Mitigation strategies for enteric methane emission with special emphasis on biological approaches: A review

2012 
Atmospheric concentration methane is almost 1782 ppb, which is 155% higher than its pre industrial concentration. Agricultural sector dispensing a consequential amount of methane (about 2/3rd of total anthropogenic); livestock rearing generates 7–12 Tg methane annually from the country. The methane generation from ruminants not only contributes significantly to global warming but also leads a loss of dietary energy (7–12% of GEI). This loss needs attention, where acute shortage of quality feeds prevails. Efforts were made in the past to control the enteric methane emission using customary feeding approaches including chemicals and methane analogues, but most of them dubitable with one or more critical limitations like few respond at high doses, toxicity to either host animal or inhabited synergistic microbes etc.
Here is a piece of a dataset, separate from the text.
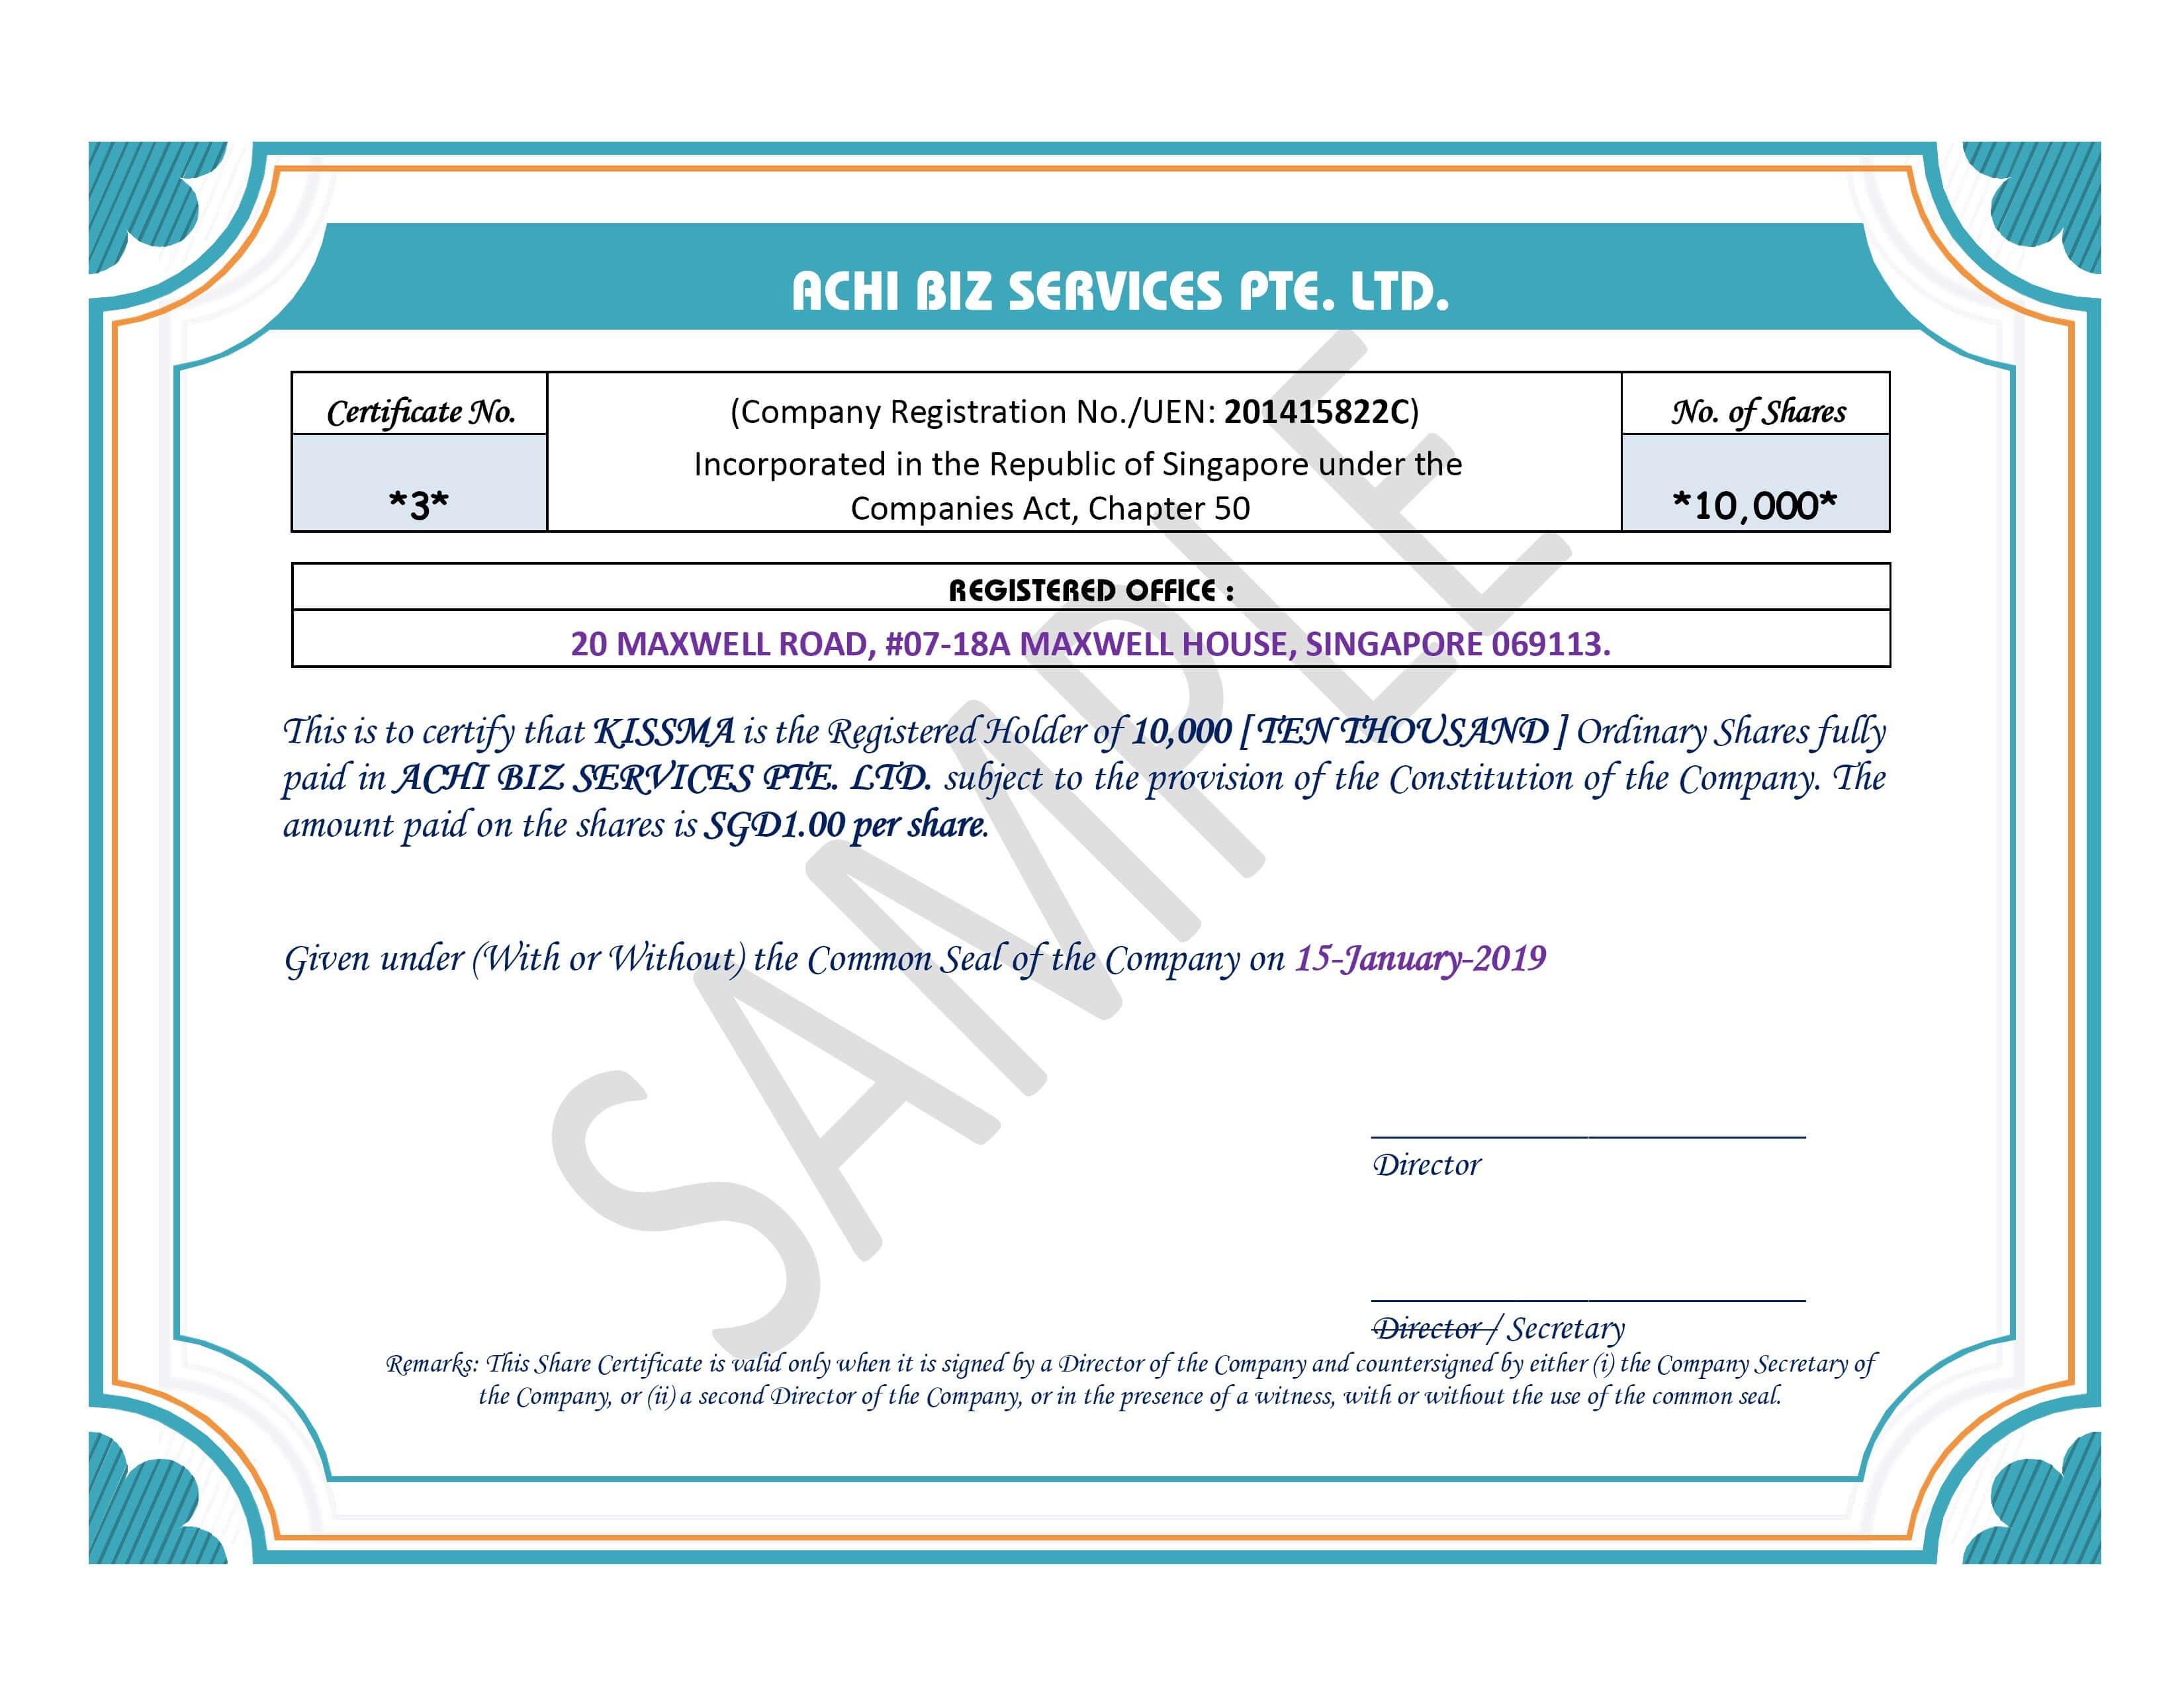 Share Certificate In Singapore ~ Achibiz inside Share Certificate Template Companies House

Therefore, the search for suitable, effective and safe methane mitigating agent is still ongoing, and extensive screenings of newer strategies are on radar of animal nutritionist and microbiologists in association with biotechnologists for abatement of methane emission from ruminants. This review paper examines the biological approaches such as reductive acetogenesis, immunization, phage therapy, defaunation, disabling the protein bindings accountable for association of methanogens with other microorganisms in rumen. In conclusion, there is the foremost need to explore the potentialities of state-of-the-art biological approaches under in vivo and with topographical variations.